CMake suite maintained and supported by Kitware (kitware.com/cmake).
$ protoc --version
libprotoc 3.12.4

获取源码

下载 Hadoop 3.3.6 版本源码包并解压

wget https://dlcdn.apache.org/hadoop/common/hadoop-3.3.6/hadoop-3.3.6-src.tar.gz
tar xf hadoop-3.3.6-src.tar.gz
cd hadoop-3.3.6-src/

因 Node 12 已经废弃,无法正常完成编译,需要修改 hadoop-project/pom.xml #216 处:

...
    <nodejs.version>v16.20.2</nodejs.version>
    <yarnpkg.version>v1.22.21</yarnpkg.version>
...

可选项

ISA-L Support

ISA-L (Intelligent Storage Acceleration Library) 是 Intel 开发的智能存储加速库,可以为 HDFS 提高性能,可以在 ARMv8(aarch64) 和 AMD64(x86_64) 架构上编译。
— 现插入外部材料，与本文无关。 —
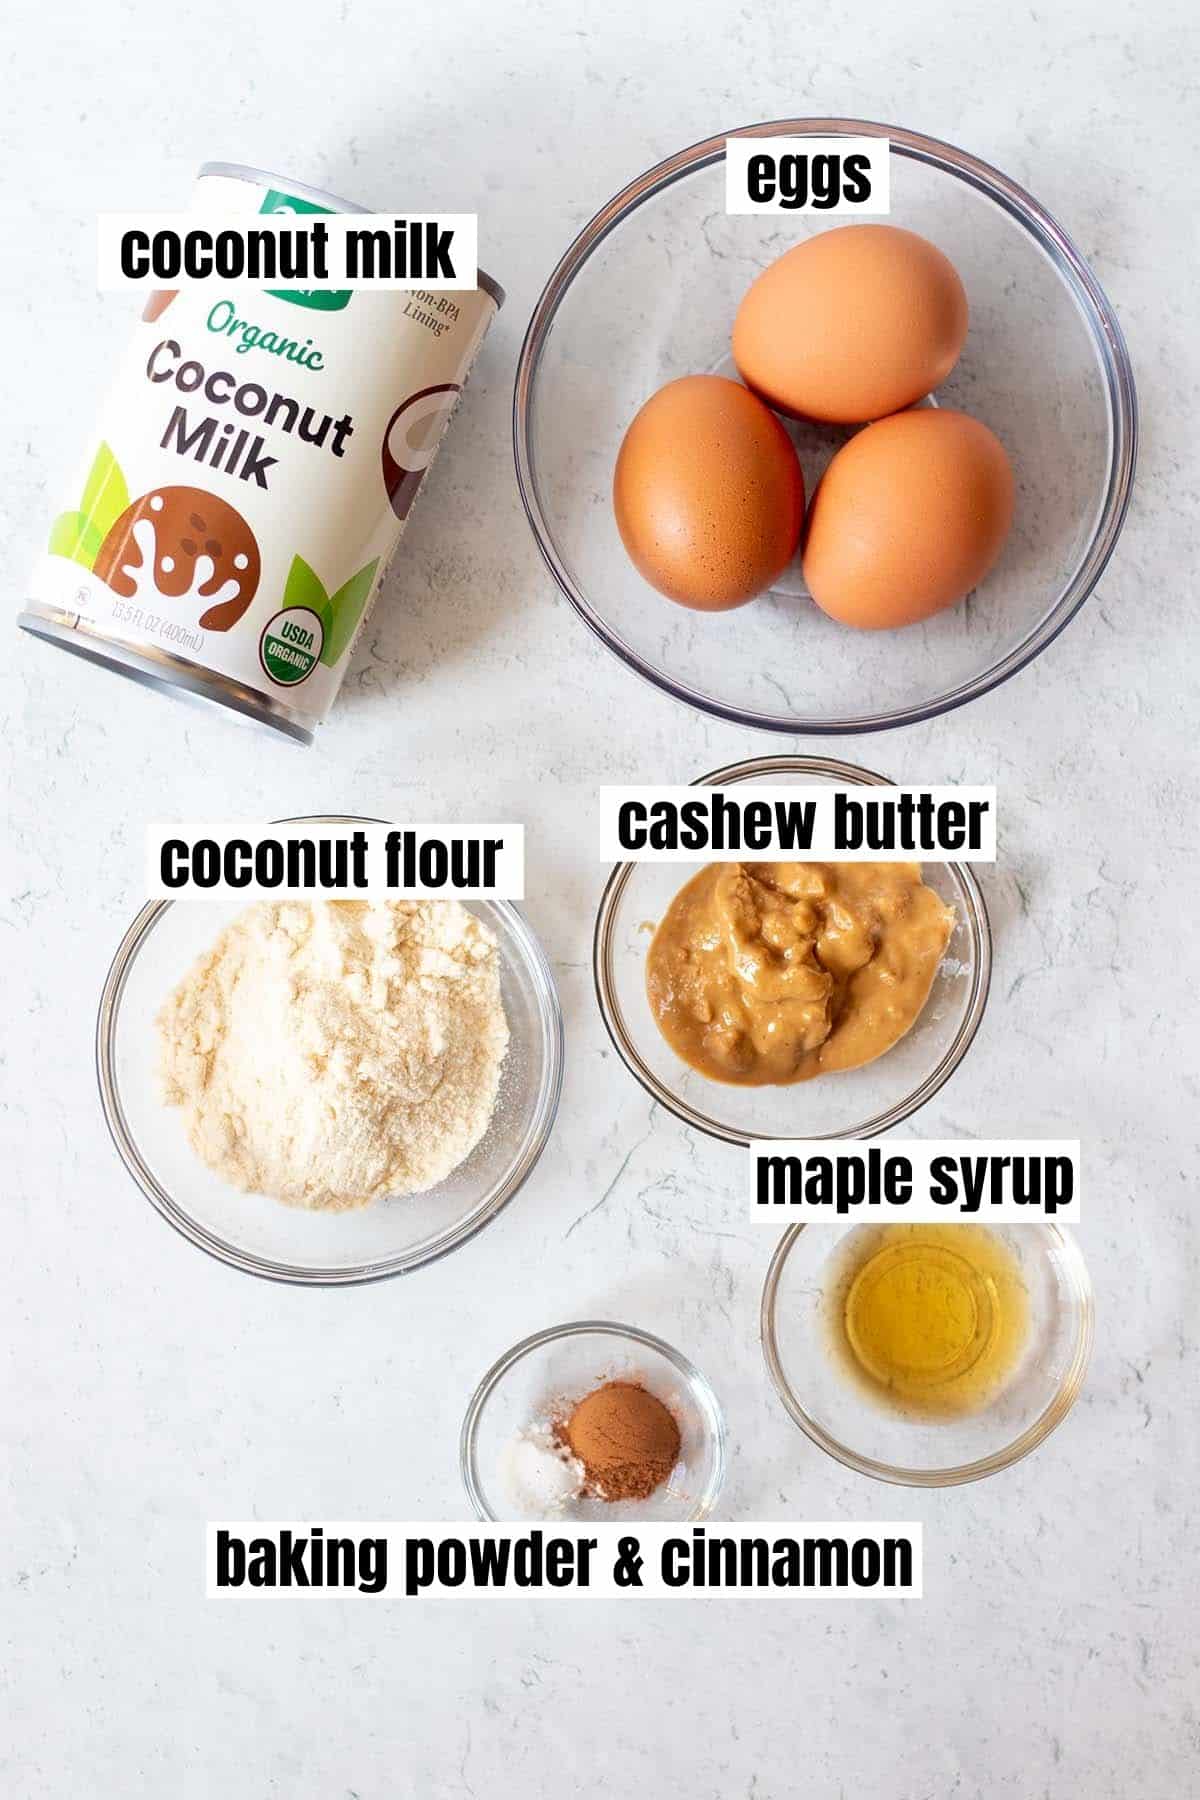 ingredients in coconut flour pancakes which include coconut milk, eggs, coconut flour, nut butter, maple syrup, baking powder and cinnamon.

此组件在编译时会自动检测并添加支持,因此请在编译前按下述步骤安装 ISA-L 库,然后进行编译即可原生支持 ISA-L。

## 克隆源码
git clone https://github.com/intel/isa-l
## 补充依赖
sudo apt install -y autoconf libtool pkgconf
## 编译安装
./autogen.sh
./configure --prefix=/usr --libdir=/usr/lib
make
sudo make install

PMDK Support

PMDK(Persistent Memory Development Kit) 利用 PMDK 用户态编程库进行数据读写,减小用户态、内核态切换与文件系统开销,提高集群的读写性能。

PMDK 扩展与其他扩展不同,即便系统内检测到相关依赖库也不会默认编译支持,需要在编译时增加参数重新进行编译,增加支持,安装所需依赖。

  1. 可以使用发行版的包管理器进行安装:

    ## 只安装运行依赖 Runtime (部署机器上安装)
    sudo apt -y install libpmem1 librpmem1 libpmemblk1 libpmemlog1 libpmemobj1 libpmempool1
    ## 只安装开发套件 Development (编译机器上安装)
    sudo apt -y install libpmem-dev librpmem-dev libpmemblk-dev libpmemlog-dev libpmemobj-dev libpmempool-dev libpmempool-dev
  2. 如果需要指定位置可以手动编译安装:

    ## 安装依赖
    sudo apt install -y pkg-config pandoc
    ## 克隆源码
    git clone https://github.com/pmem/pmdk
    ## 编译安装
    make
    sudo make install prefix=/usr

然后编译时需要添加参数 -Drequire.pmdk

mvn clean package -Pdist,native, -DskipTests -Dtar -Dmaven.javadoc-skip=true -Drequire.pmdk -X

开始编译

使用命令进行编译:

mvn clean package -Pdist,native, -DskipTests -Dtar -Dmaven.javadoc-skip=true -X
小贴士:如果需要可选组件,使用上面的命令进行编译。

执行编译看到以下提示即为构建成功。

[INFO] CycloneDX: Creating BOM version 1.4 with 0 component(s)
[INFO] CycloneDX: Writing and validating BOM (XML): /home/kane/hadoop-3.3.6-src/hadoop-cloud-storage-project/target/bom.xml
[INFO]            attaching as hadoop-cloud-storage-project-3.3.6-cyclonedx.xml
[INFO] ------------------------------------------------------------------------
[INFO] Reactor Summary for Apache Hadoop Main 3.3.6:
[INFO] 
[INFO] Apache Hadoop Main ................................. SUCCESS [  2.368 s]
[INFO] Apache Hadoop Build Tools .......................... SUCCESS [  1.499 s]
[INFO] Apache Hadoop Project POM .......................... SUCCESS [  2.061 s]
[INFO] Apache Hadoop Annotations .......................... SUCCESS [  2.728 s]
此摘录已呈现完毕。